Immigration struggles – a critical front in the movement for equality and justice

The immigration struggle moved into high gear last year with the passage of Arizona law SB 1070 and the threat of copycat laws across the nation, especially in the South, along with the failure of the US government to pass immigration reform and the Dream Act. SB 1070 swelled the wave of criminalization of immigrant communities – both documented and undocumented—leading to racial profiling by the police, collaboration with ICE (US Immigration and Customs Enforcement) and massive incarceration and deportation of the undocumented.

The movement organized to repeal the Arizona law, to stop copycat laws that have nonetheless passed in Georgia (HB 87) and Alabama (HB 56). Campaigns were launched across the country to opt out of “Secure Communities” (S-Comm) — the federal mandate for partnership of local and state police with ICE in racial profiling, detention, and deportation. Our demands are for legalization, a path to citizenship, and the human rights of all immigrants regardless of status.

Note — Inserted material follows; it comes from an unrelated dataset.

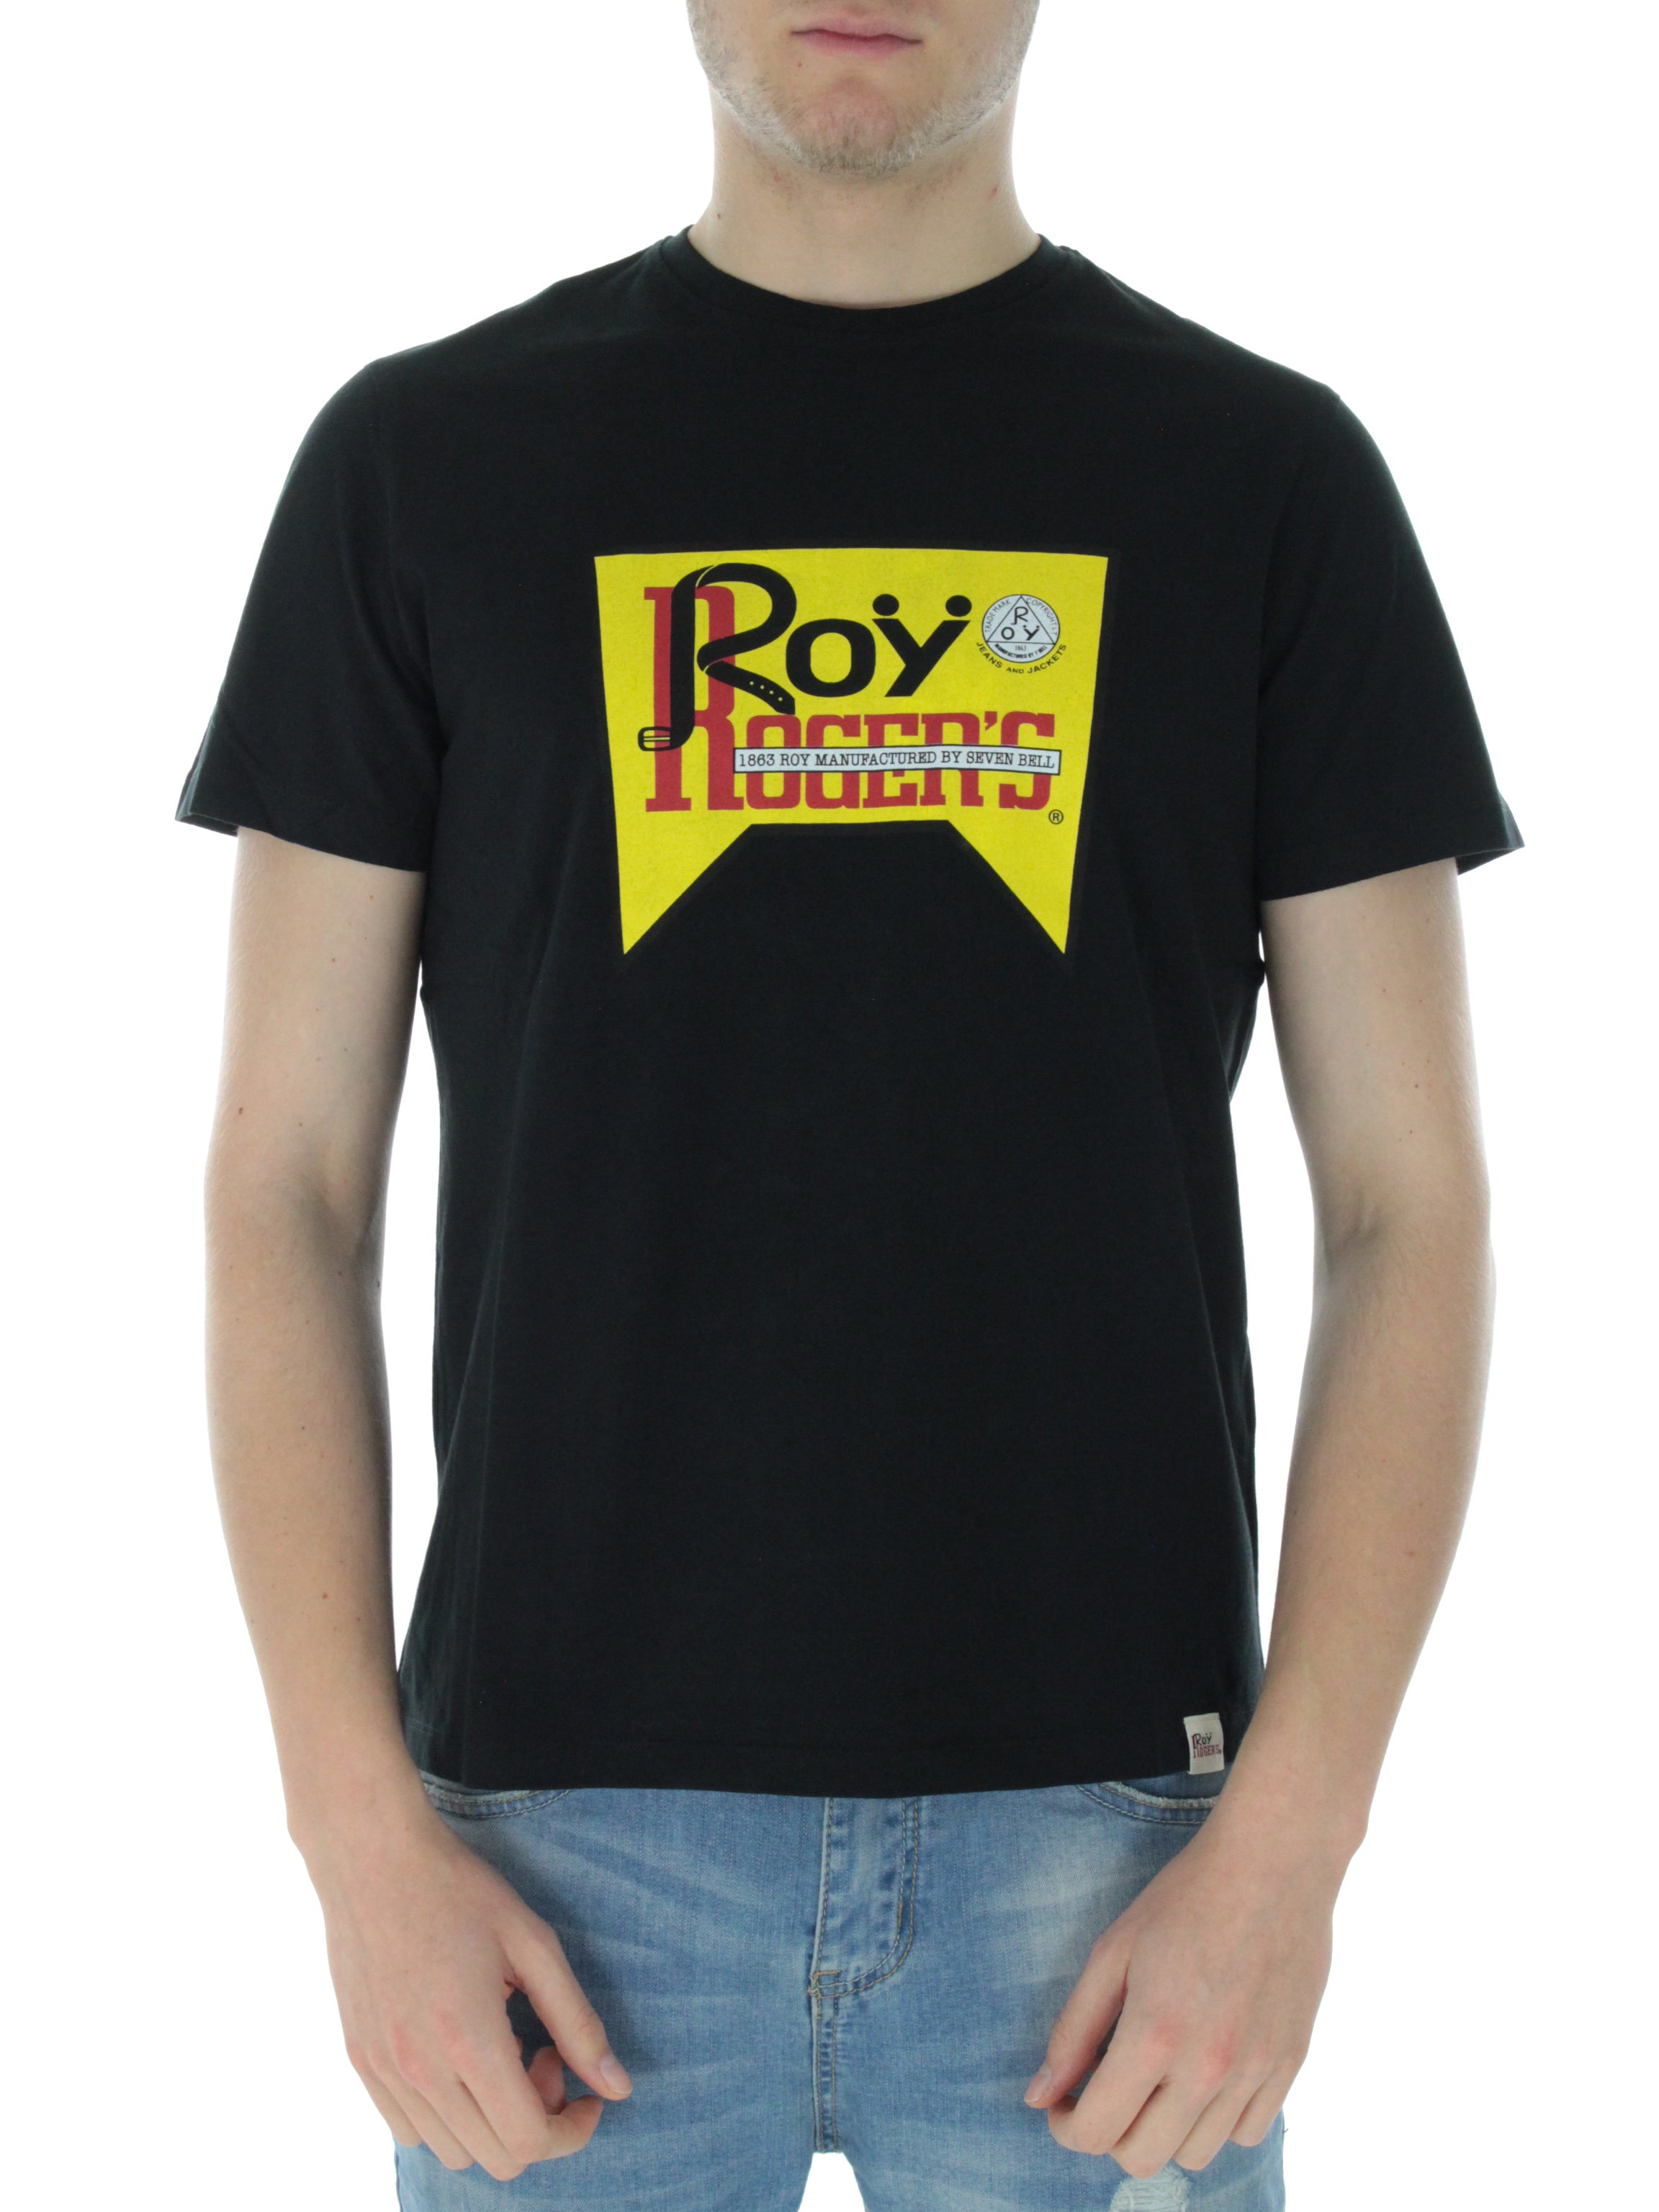 Roy roger's t-shirt

Of the many questions confronting the growing immigration struggles two are critical: “Can we eliminate white supremacy and all forms of racism within capitalism?” and “Can we stop the attacks and violence against immigrants within capitalism?”

Anti-immigrant laws and ideology criminalizing the undocumented and unleashing racial profiling are a clear expression of white supremacy as practice, ideology, and law. White supremacy has been dominant and prevalent in US society from its origins in Indigenous genocide and the slave labor system to today’s increasingly economically polarized and racialized oppressive society.

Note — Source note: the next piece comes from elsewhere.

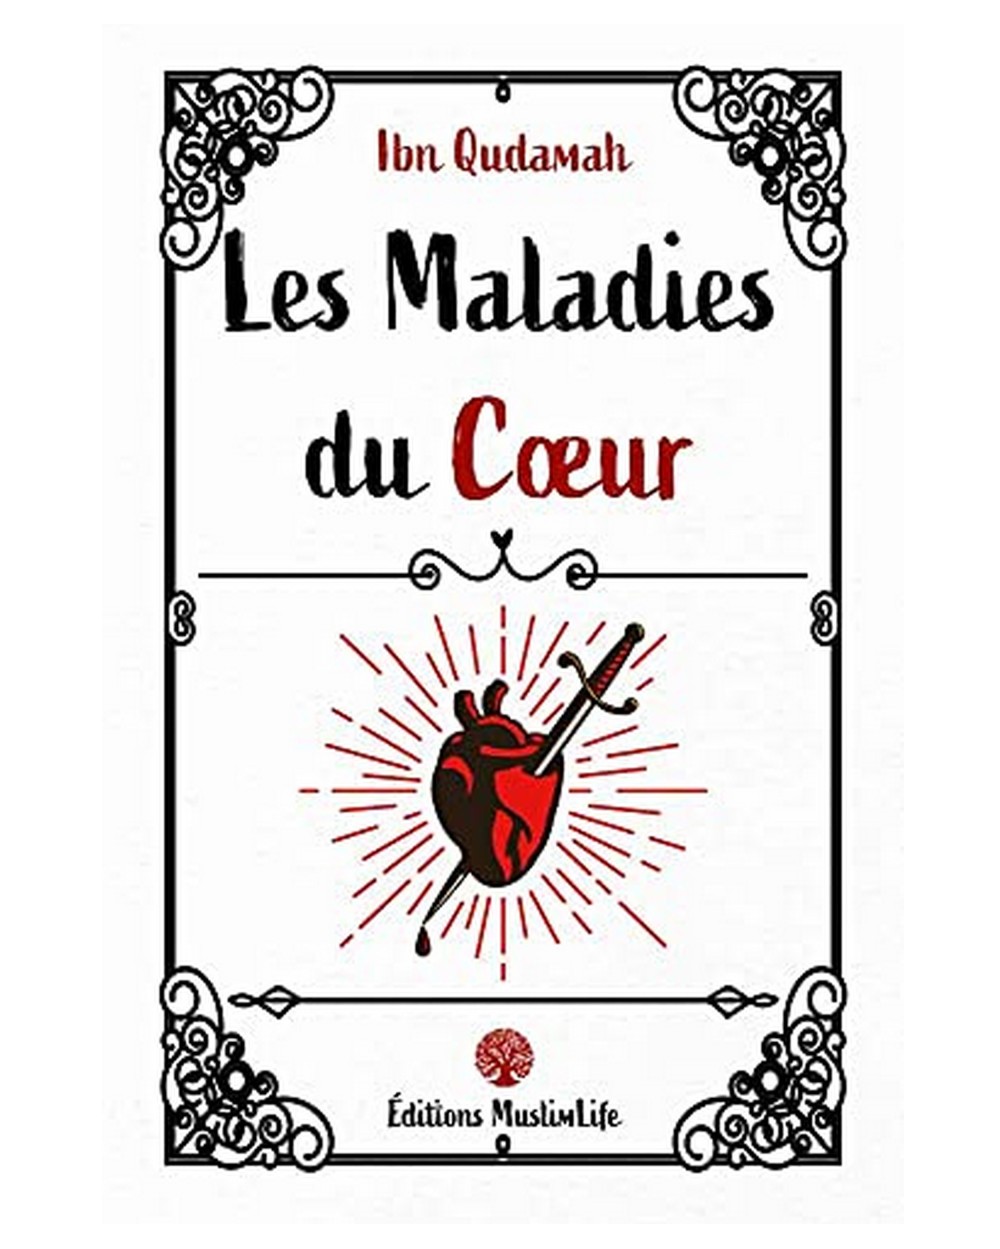 Les maladies du coeur - Ibn Qudamah - Editions Muslimlife

Early US law on citizenship and immigration say it all. The Naturalization Act of 1790 restricted citizenship to free white persons (women were included, but with restrictions). No Indigenous, no Africans, no indentured servants, no other immigrants or colonized peoples had citizenship rights. With the abolitionist movement heating up, the Fugitive Slave Act of 1850 denied citizenship and the very humanity of fugitive slaves as “free” blacks in the North, and criminalized those who gave aid and assistance to them. These laws are the model for today’s anti-immigrant laws.

The Page Act of 1875 excluded immigrants defined as “undesirables” — targeting Asian men coming as contract workers and Asian women. In 1882 the Chinese Exclusion Act halted all Chinese immigration to the US, and was not repealed until 1943. These acts became law in a time of economic crisis, high unemployment, and reduced need for labor following the Gold Rush and completion of the transcontinental railroad. Like today, the content of these laws is to restrict immigration and to deport immigrants and their families already in the country because of the earlier need for their labor.

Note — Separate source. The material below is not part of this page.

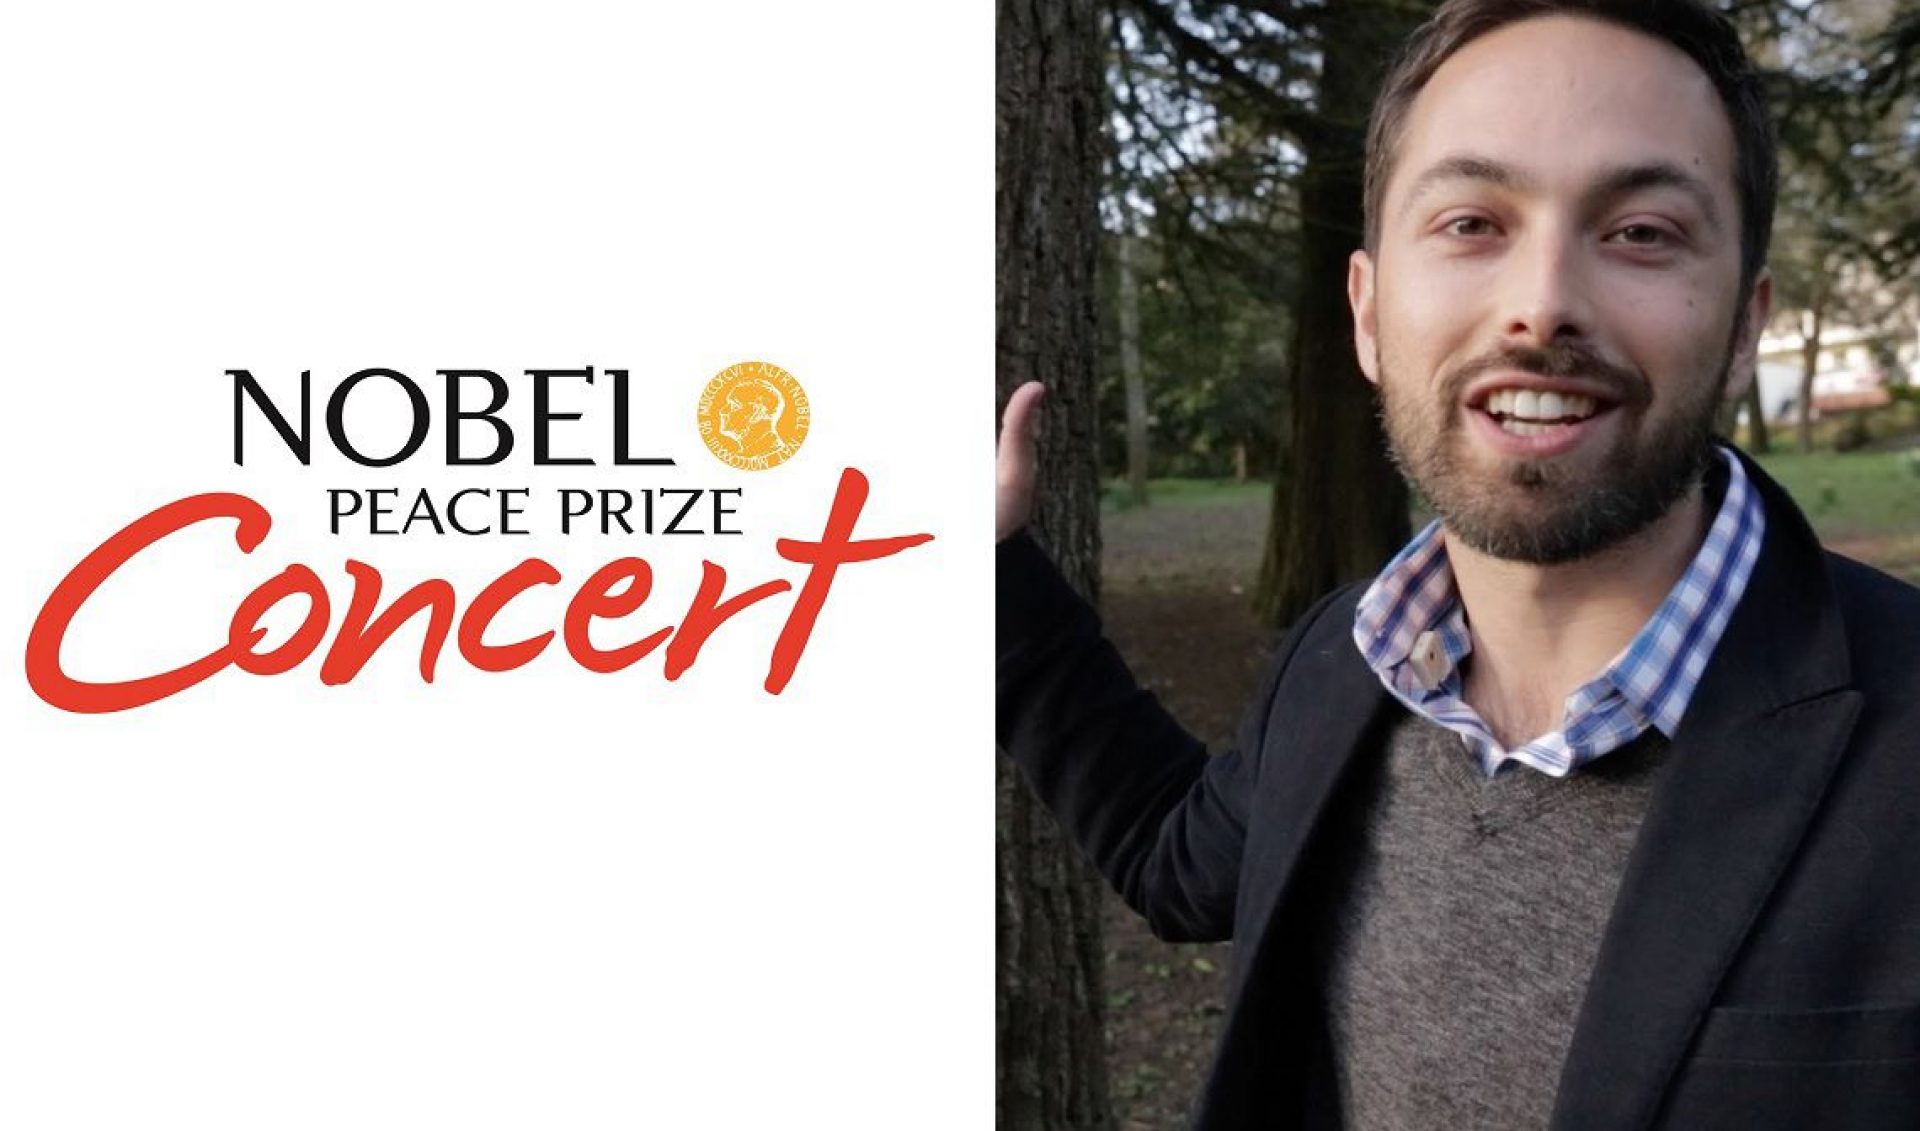 YouTube To Live Stream Nobel Peace Prize Concert, Veritasium To Host Pre-Show

The struggle to roll back these laws at the state and federal levels are critical and must be ongoing. Each state and local struggle has to determine its own next steps. For those in Georgia, strategic discussions are happening.

These include discussions about the commonalities in our different histories and the lessons of earlier movements, such as Civil Rights, and what are the long term goals of our struggle.

The dynamism of immigration struggles reflects the fact that the politics of immigrant workers and those who work with them are deeply rooted in the objective conditions of their daily confrontation with the laws and enforcement apparatus of the developing fascist state — at federal, state, and local levels. This has led to an immediacy and urgency of action and commitment to intense and ongoing struggle to “turn the tide” of the repressive legislation and enforcement. It is bringing forth resistance and unity among the exploited, oppressed, and dispossessed.